Just 10 years ago this month, Polish pianist Adam Makowicz (who opens Tuesday for a three-day run at Catalina's) played his first American job.
Though unknown in the United States, he was a big star back home: The Polish magazine Jazz Forum had already declared him Europe's No. 1 pianist in its readers' poll. He had come to the attention of John Hammond, who helped arrange his first gig at the Cookery in New York.
Makowicz was also helped soon after his arrival by a CBS album produced by Hammond, and by critical acclaim. Though often likened to Art Tatum, he used his phenomenal technique to play everything from the compositions of Scott Joplin to John Coltrane, as well as his own engaging works.
His role as a little fish in the vast American pond presented its problems. There were times when jobs were either scarce or unsuitable, yet his determination to tough it out in the Big Apple never flagged.
"I always wanted to play with the best possible musicians, and New York is where you find them. It's the center of jazz; all the world is looking at what goes on here, and I wanted to be a part of the jazz family."
How did he make the adjustment to the pace of New York after living most of his life in Poland? (He was born in Czechoslovakia but moved to Warsaw as a teen-ager.)

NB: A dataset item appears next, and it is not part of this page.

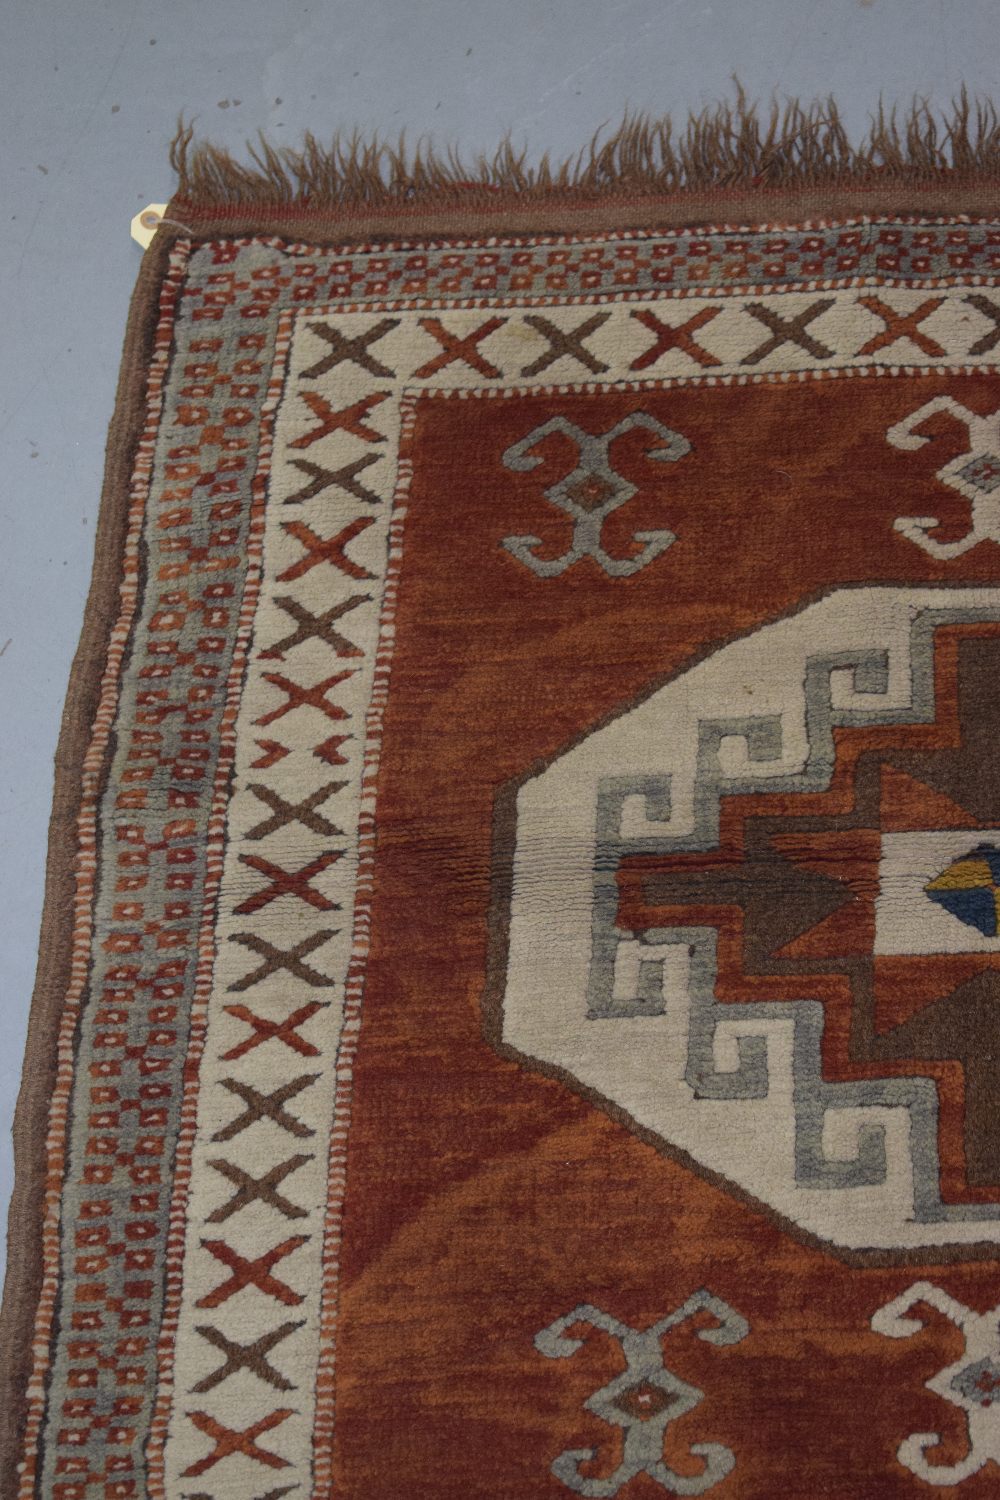 Two Anatolian rugs, the first: Konya kelim, central Anatolia, circa 1940s-50s, 4ft. 11in. X 3ft. - Image 13 of 17

"It's hard to make the comparison now," he says, "because I haven't been back there since 1978, and many things I have almost forgotten. But here I can travel freely, and this is important. The musicians have been very friendly, and I have managed to gradually adjust my life style and be comfortable here.
"New York is expensive, but so is Boston or Washington--and, for that matter, London or Stockholm. But somehow we cope. My wife, Irena, graduated from nursing college and is now working at a New York hospital."
Though he has worked most often in nightclubs, Makowicz has broken into the concert circuit, playing the New York Jazz Festival, the Norway Jazz Cruise and other major events around Europe, where he will go on tour again this month.
Because records are the life-blood of any jazz man in search of steady work, he is happy that, after a few ventures on independent labels, he is now set with RCA's recently launched Novus Co. His first Novus album, "Moonray" (Novus 3003-1-N) was well received and will probably be followed by a George Gershwin album commemorating the 50th anniversary of the composer's death.
Another project he has in mind is a set of his original compositions for piano, bass, drums and string quartet, along the lines of a recent successful venture by the Kronos Quartet. "I like the idea of bringing together the roots and heritage of classical music with the spirit and essence of jazz," he said.
Looking back over the past decade, he admits there have been a few rough spots. "It's getting better now, but two years ago, things were really difficult financially. In part, it was my own fault. I rejected certain jobs because I couldn't stand to work in some club or restaurant where people were talking and paying no attention to the music. And I had become fed up with playing on some outrageously bad pianos. I thought I'd rather suffer a little more economically instead of suffering in soul and spirit by being subjected to the wrong working conditions.
"On the whole, though, I am quite happy now. On some of my European dates this summer, I will play 'Rhapsody in Blue' with symphony orchestras. My American jobs are getting better and easier; I'm really looking forward to working with (bassist) Andy Simpkins and (drummer) Sherman Ferguson at the Catalina.
"I don't feel that living in the middle of Manhattan as I do is a perfect situation by any means, but at least I can say so! It's a free country--I have the right to be wrong--and this, for me, is one of the greatest things of all."